In the world of web data, understanding relationships between URLs is crucial. The URL-Graph project leverages the power of Neo4j to create a graph representation of these relationships, enabling easy navigation and analysis.
- Graph Database: Utilize Neo4j's powerful graph database to model and store URL relationships.
- Cypher Queries: Leverage the expressive Cypher query language to extract valuable insights from the graph.
Before you begin, ensure you have the following prerequisites installed:
- Neo4j Database Download Neo4j
- Python Download Python
- Clone the repository:
git clone https://github.com/KingAkeem/url-graph.git
- Install dependencies:
cd url-graph
pip install -r requirements.txt
Update the configuration file with your Neo4j connection details (config.yml):
neo4j:
uri: bolt://localhost:7687
username: your-username
password: your-password
-
Start the Neo4j database, this will be based on the OS that you're using.

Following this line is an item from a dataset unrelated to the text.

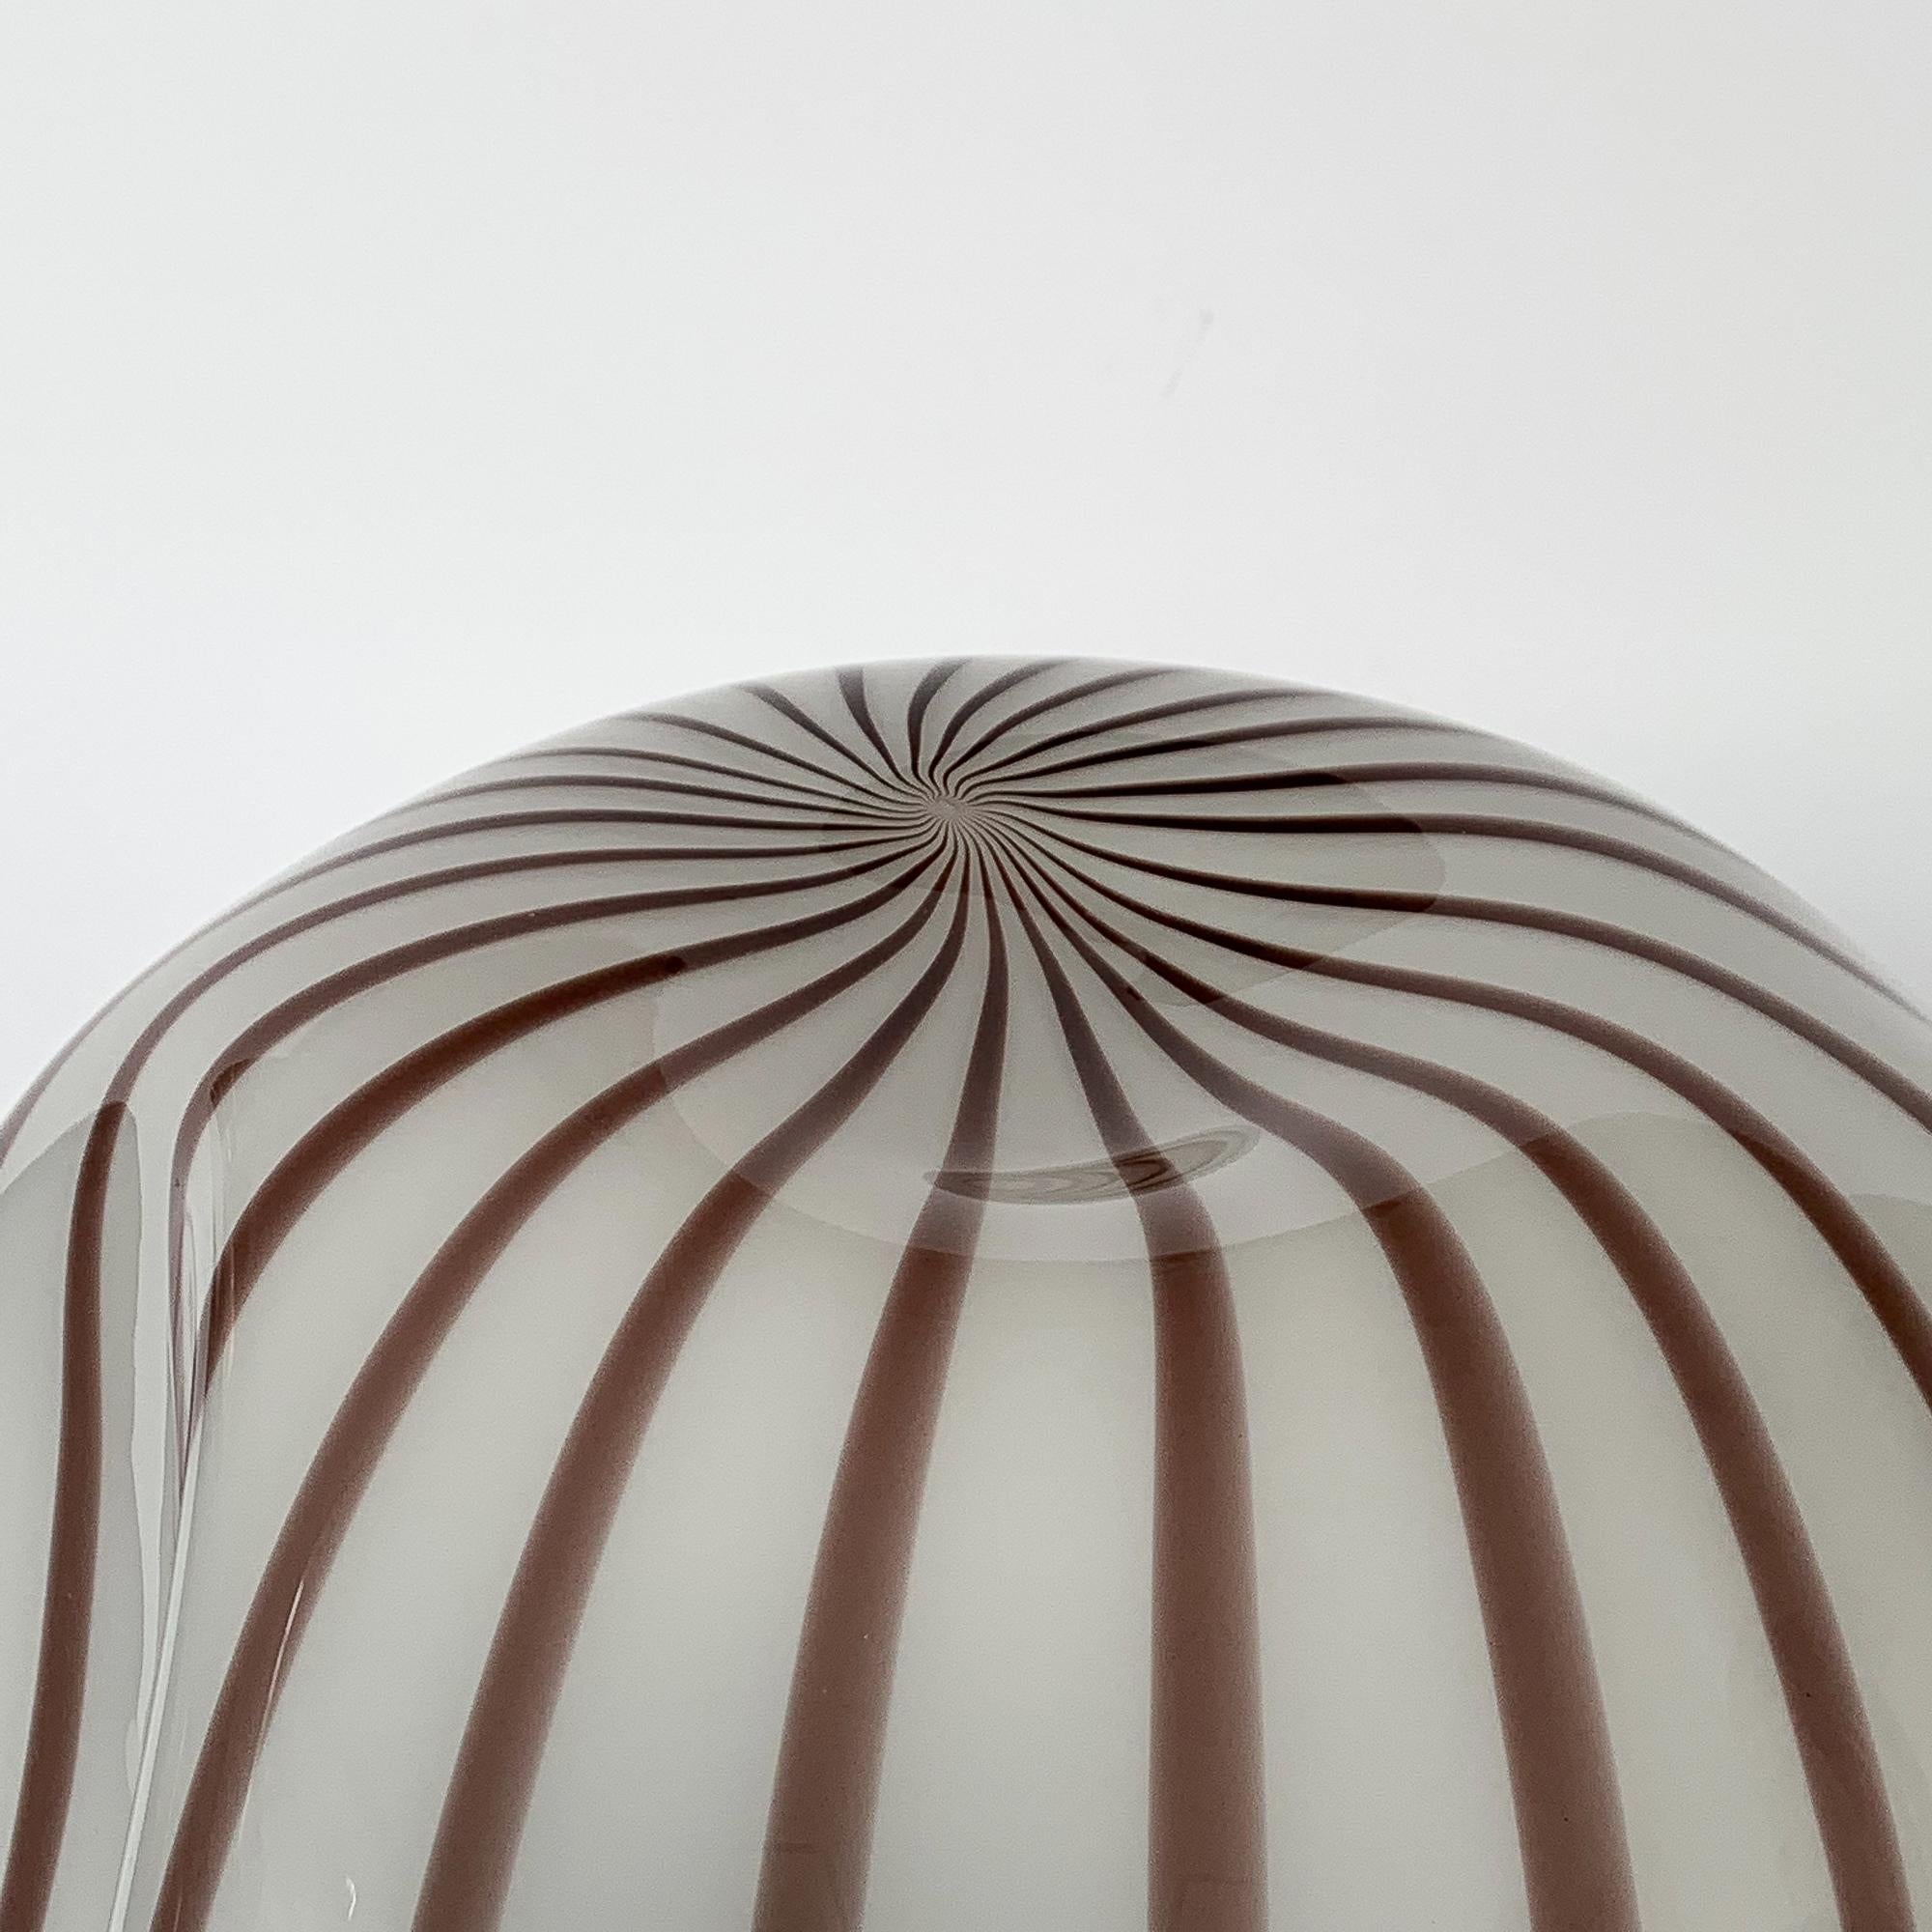 Lino Tagliapietra Murano Glass Striped Balloon Table Lamp for Effetre 1
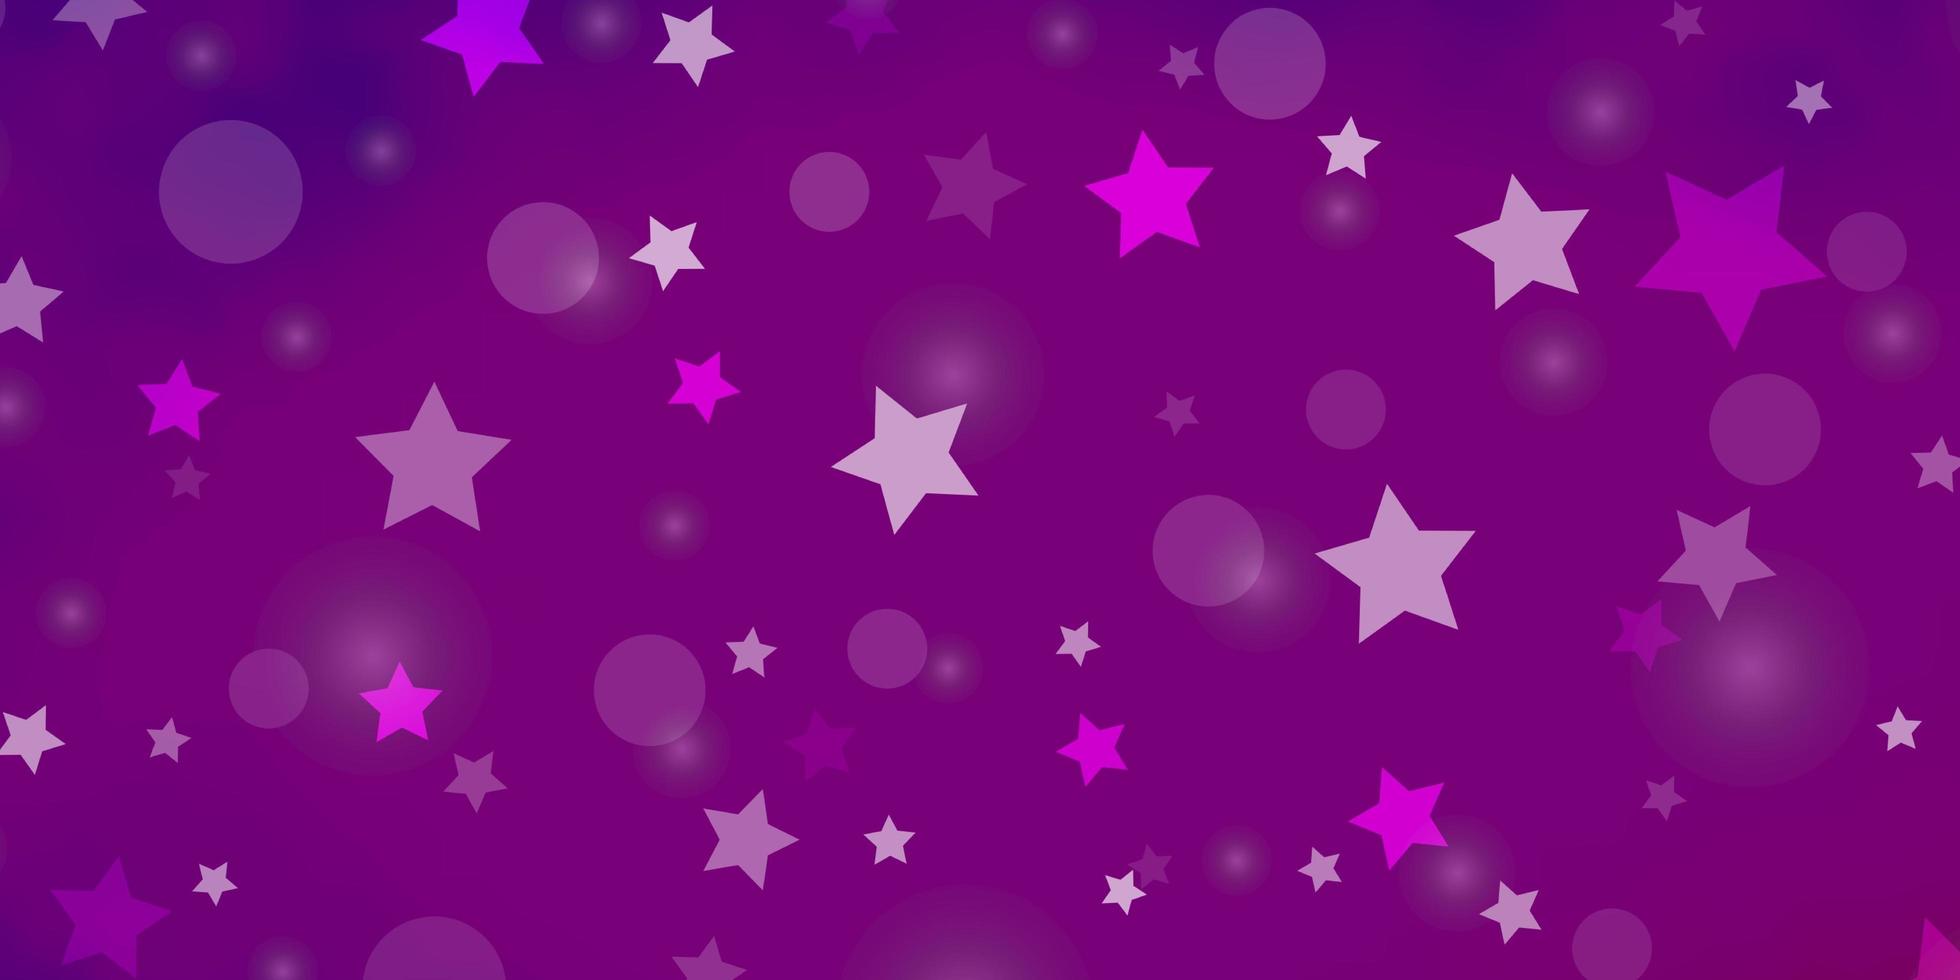 sfondo vettoriale rosa viola chiaro con cerchi illustrazione di stelle con set di sfere colorate astratte motivo a stelle per sfondi in tessuto alla moda

Check Neo4j instructions for further explanation.
-
Execute the application
python main.py -u https://www.example.com -d 3 # -u/--url to specify URI and -d/--depth to specify depth of graph
Will dockerize project at some point.
Browser URL: http://localhost:7474/browser/
// Example Cypher Query to find relationships for a specific URL
MATCH (n:Node {url: 'https://example.com'})
-[relationship:parent]-()
RETURN n, relationship;